What are the Pros of IPMI?
As a standard interface, software that you use on the servers of one manufacturer should also work on the servers of another manufacturer. There should be no need to learn or use new software whenever different hardware is purchased.
The cost of IPMI, compared to traditional hardware management, should prove to be much lower. Many manufacturers and vendors supply IPMI for free, it is simply something that exists on the system. If your organization previously purchased remote controllable power strips or KVM switches for remote management, you may no longer need them. If your organization did not previously purchase remote management hardware, you'll find you have a significant amount of remote management and diagnostic features you didn't have before. Either way, IPMI should help reduce total cost of ownership.
What are the Cons of IPMI?
While IPMI is a standard, the implementation by vendors is widely varying. For example, one system may log a CPU failure to the SELL, while another may not. So hardware error diagnosis may be more or less useful dependent on vendor. In addition, IPMI has been implemented differently or incorrectly by many vendors. IPMI software that may function on the hardware of one vendor, may not work on the hardware of another. Also, the IPMI specification supports the ability for vendors to add OEM specific extensions onto their platforms. These OEM extensions are done to support hardware specific functionality or error reporting that may not be in the IPMI specification. Therefore, software supported by the vendor may be the only way to utilize those extensions. Potential users of IPMI should be aware that just because a platform supports IPMI, does not mean your software of choice may function on it.
The reliability of IPMI has been poorer than traditional remote management. The BMC must implement and perform far more complex tasks than older serial chips and sensor chips. This complexity has made the reliability of BMCs far worse.
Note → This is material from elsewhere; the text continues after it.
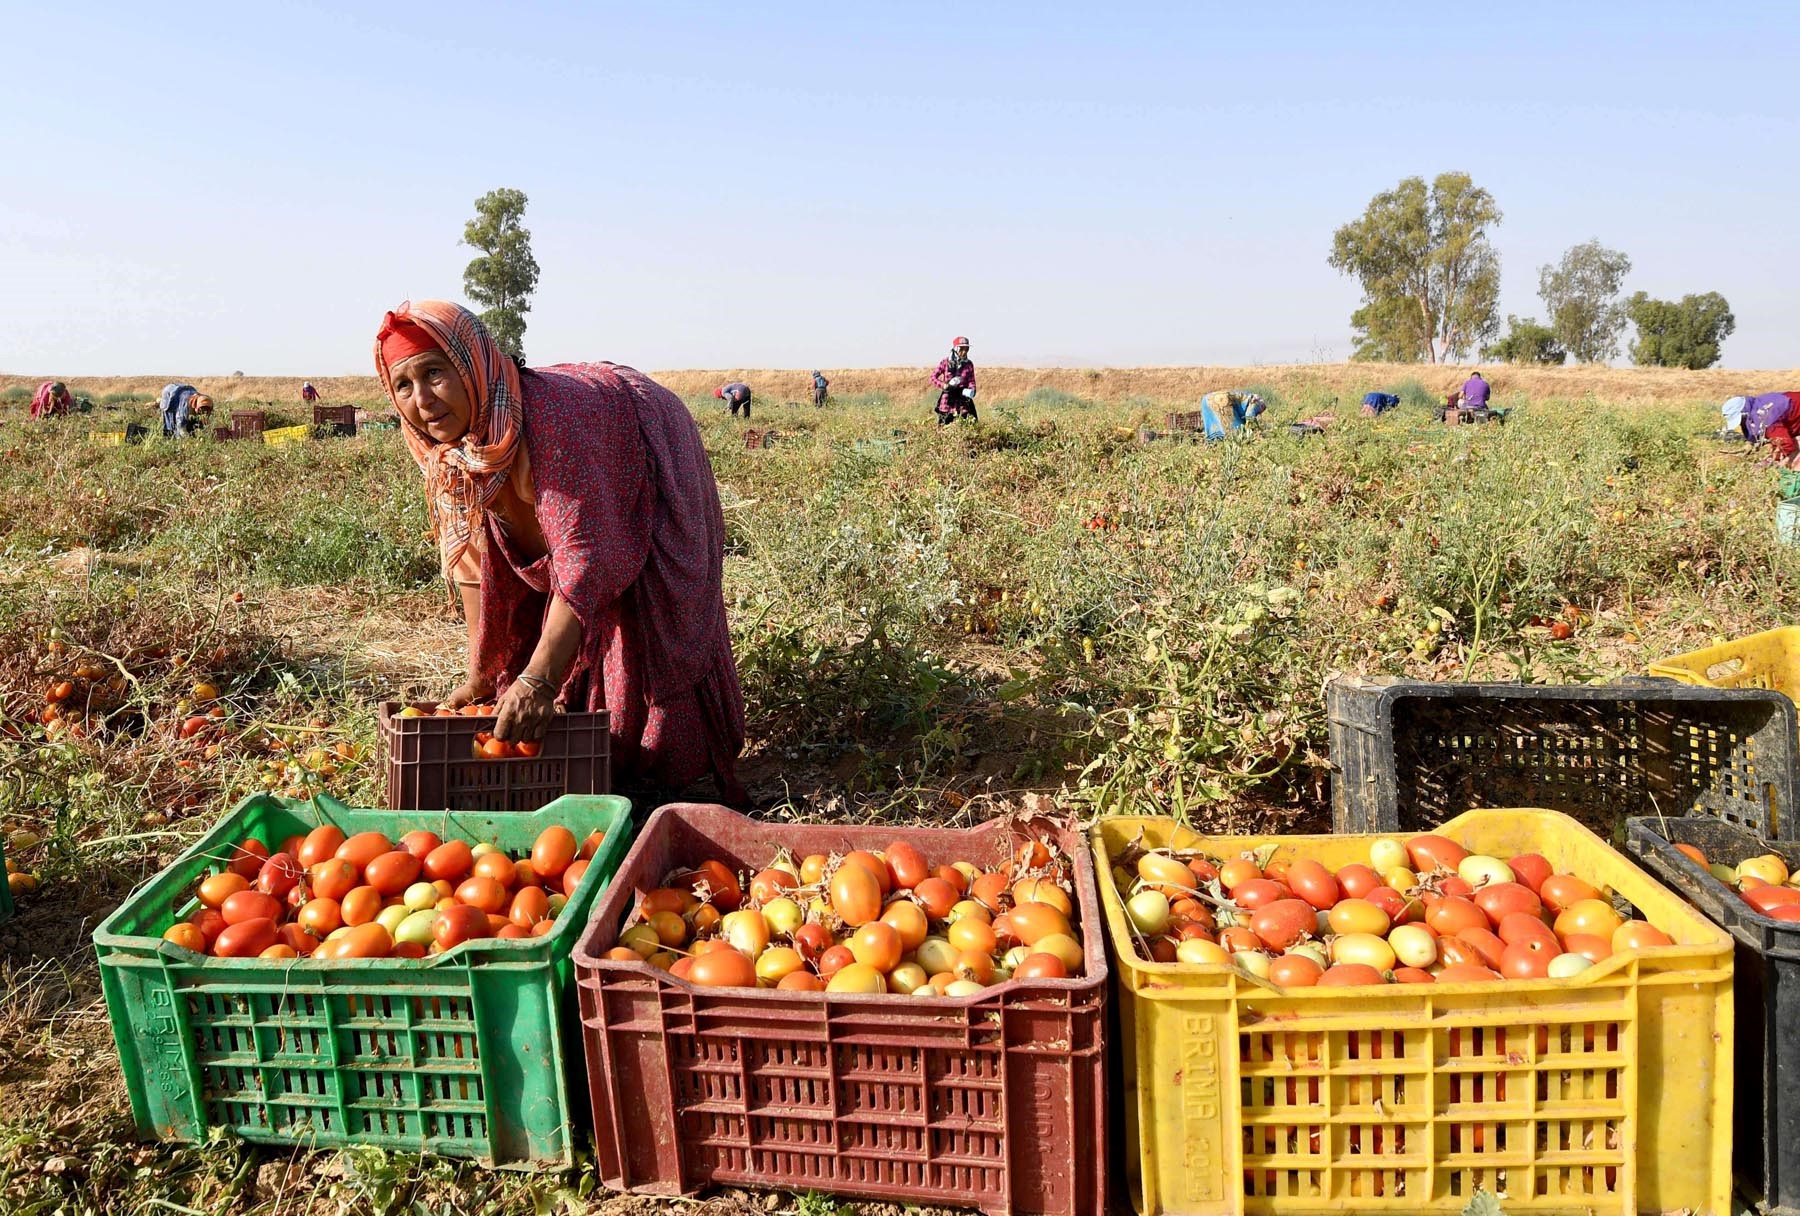 Tunisia’s farming systems wins global recognition

Many users of IPMI have complained of BMC failures that require a system reboot. Since the BMC manages IPMI, it is frustrating that one of the critical times a reboot is required, remote power control is not functional.
In addition, IPMI over LAN has shown itself to be less reliable than traditional remote management. IPMI over LAN is typically implemented on the same ethernet port that the server uses for its own personal traffic. Therefore, IPMI over LAN traffic will compete with the traffic of the server's operational use. If the server or network is busy, IPMI over LAN may be slow or unresponsive. IPMI over LAN also requires multiple components of the platform and network to not fail in order for it to function. For example, if a power supply or ethernet port fail, many of the remote management features listed above may not be available. Many users of IPMI consider this frustrating, since IPMI is most needed during system failures.